Я не сразу понимаю, о чём идёт речь. Вспоминаю, как мы обсуждали философию Маркса, сорта вермута и проблемы педагогического образования. Только потом соображаю, что технология беседы была чуть иной, чем обычно. Чтобы сказать что-то Суворову, нужно выводить печатные буквы во всю его правую ладонь: З-Д-Р-А-В-С-Т-В-У-Й-Т-Е Х-О-Ч-У С-П-Р-О-С-И-Т-Ь…
Я потом проверил на себе такой способ. Очень неудобно. Ощущаешь лишь щекотку — буквы и тем более слова разобрать невозможно. А Суворов всё понимает. Не успеваешь дописать вопрос, а он уже одобрительно сжимает твою руку и начинает отвечать. Только просит:
— Вы слишком деликатно нажимаете. Мне так сложнее понимать. Не бойтесь!
Мама и диссертация
В первый раз Александра Суворова я увидел в середине 90-х, когда он защищал докторскую диссертацию. Дело было в главном зале Психологического института РАО, неподалёку от Манежной площади. Помню, как на передних рядах глухие студенты рассказывали друг другу анекдоты с помощью языка жестов. Ощутил свою неполноценность: они смеются, а я ничего не понимаю.

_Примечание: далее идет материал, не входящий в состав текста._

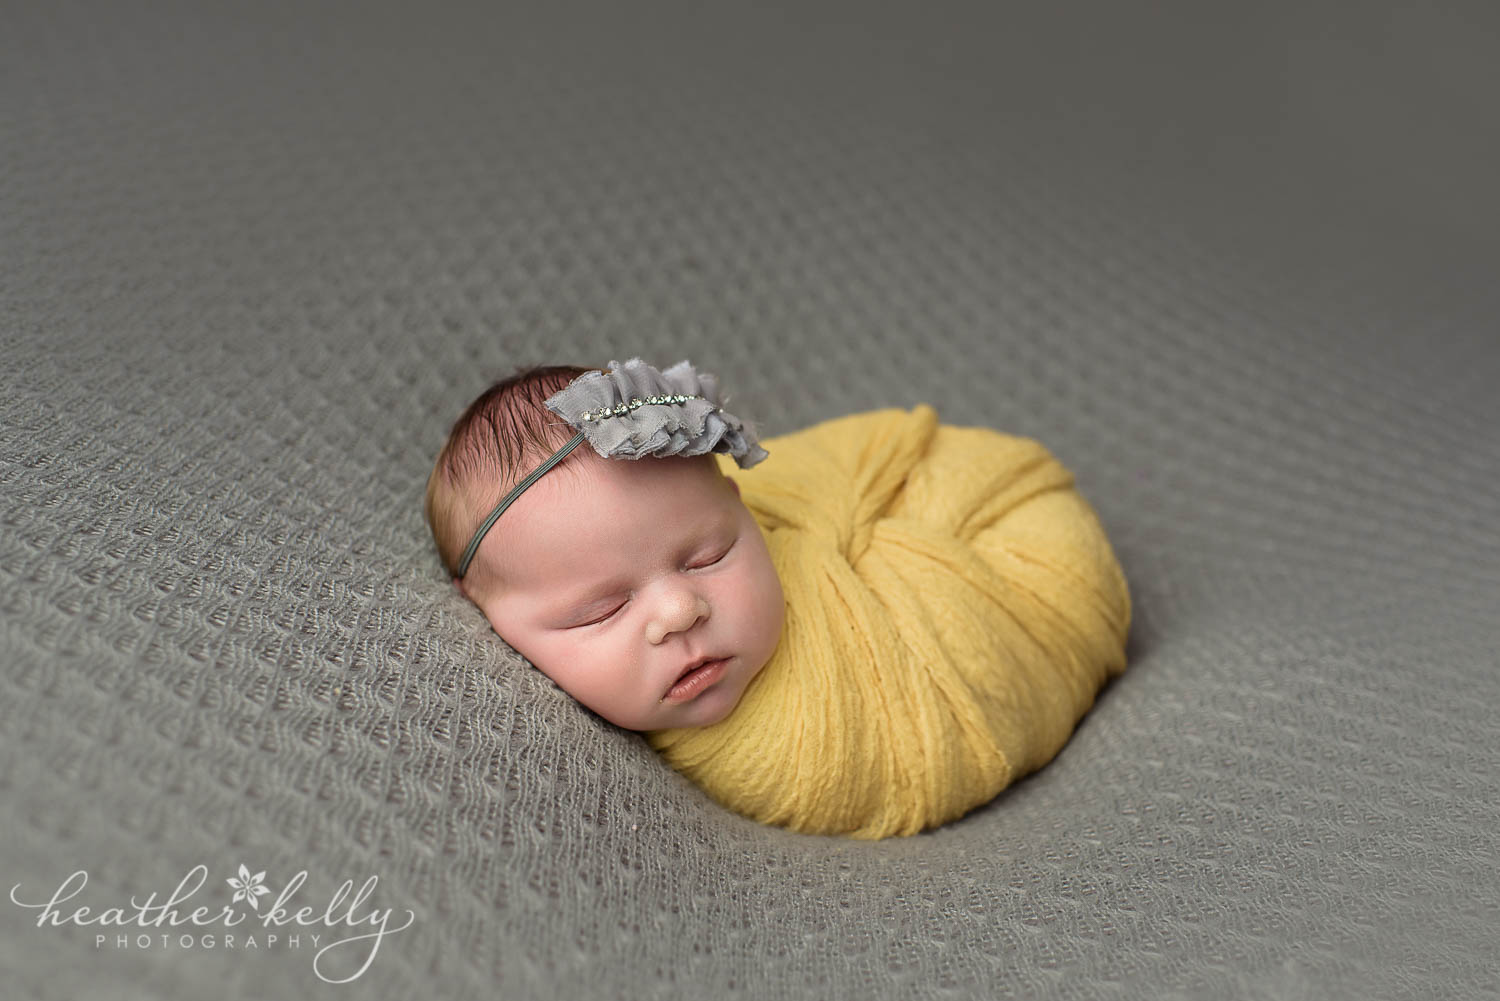 twist wrap newborn girl yellow and gray. newborn wrapping poses
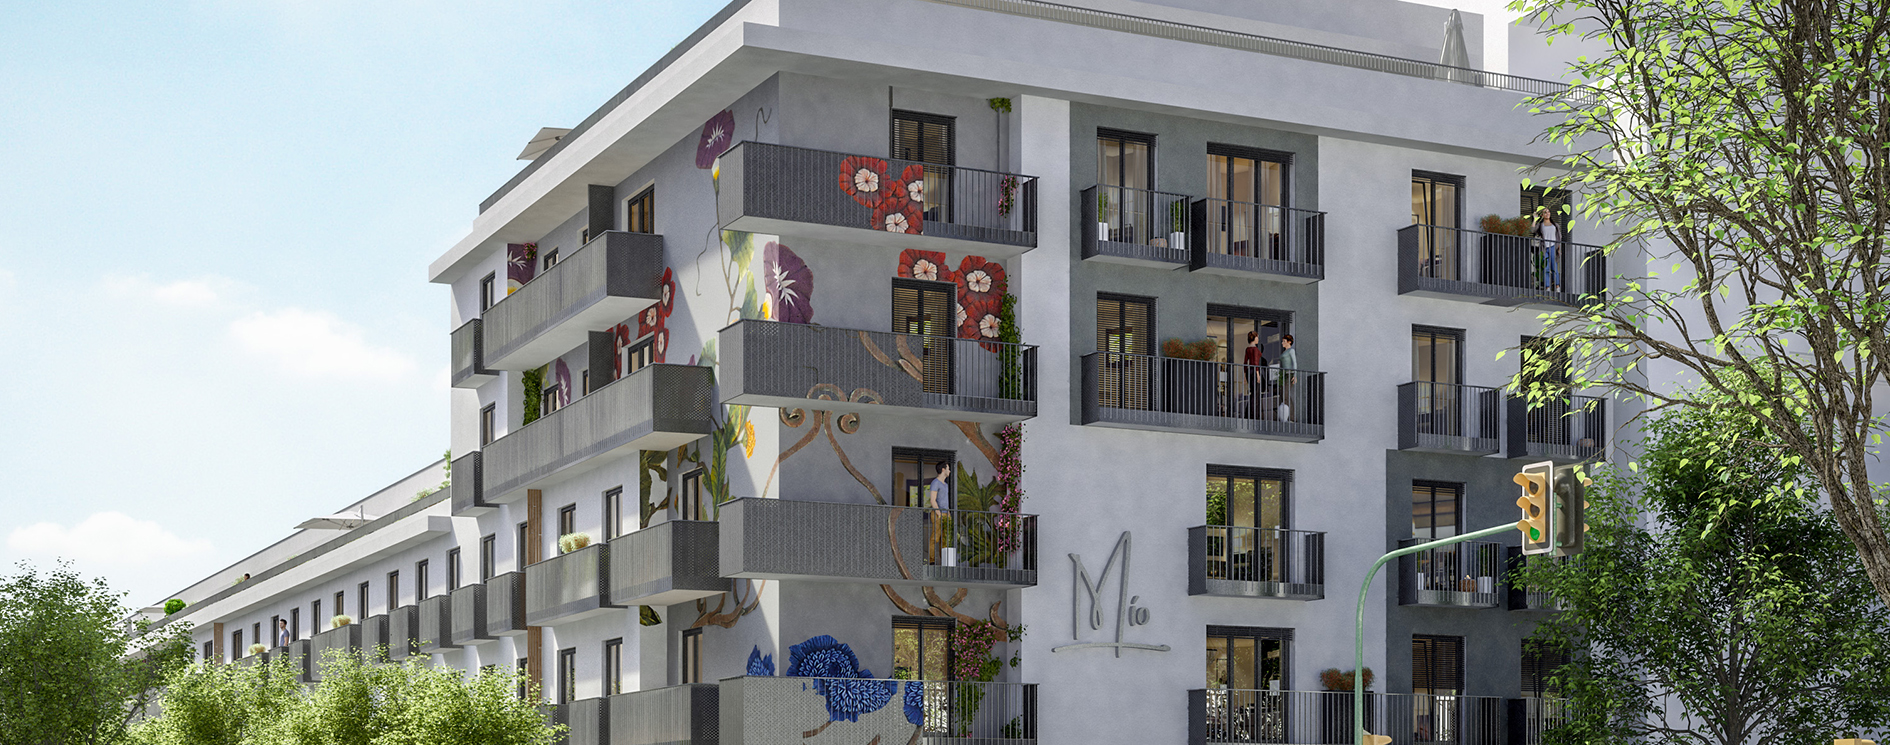 Domus Vivendi startet Bauarbeiten für Wohnprojekt „Mío“ in Palma de Mallorca

На трибуне человек в сером пиджаке. У него короткая стрижка — потом уже узнаю, что на кличку «Ёжик» Суворов не обижается, а совсем наоборот. Издалека он кажется вполне обычным учёным, слепоглухота ощущается только в странных интонациях голоса.
— На защиту выносятся следующие положения… Развитие личности осуществимо лишь как саморазвитие, то есть личность сама себя развивает личными усилиями, собственной активностью при участии других людей. Иными словами, развитие и саморазвитие диалектически тождественны… Процесс личностной реабилитации проходят все люди, а не только физические инвалиды…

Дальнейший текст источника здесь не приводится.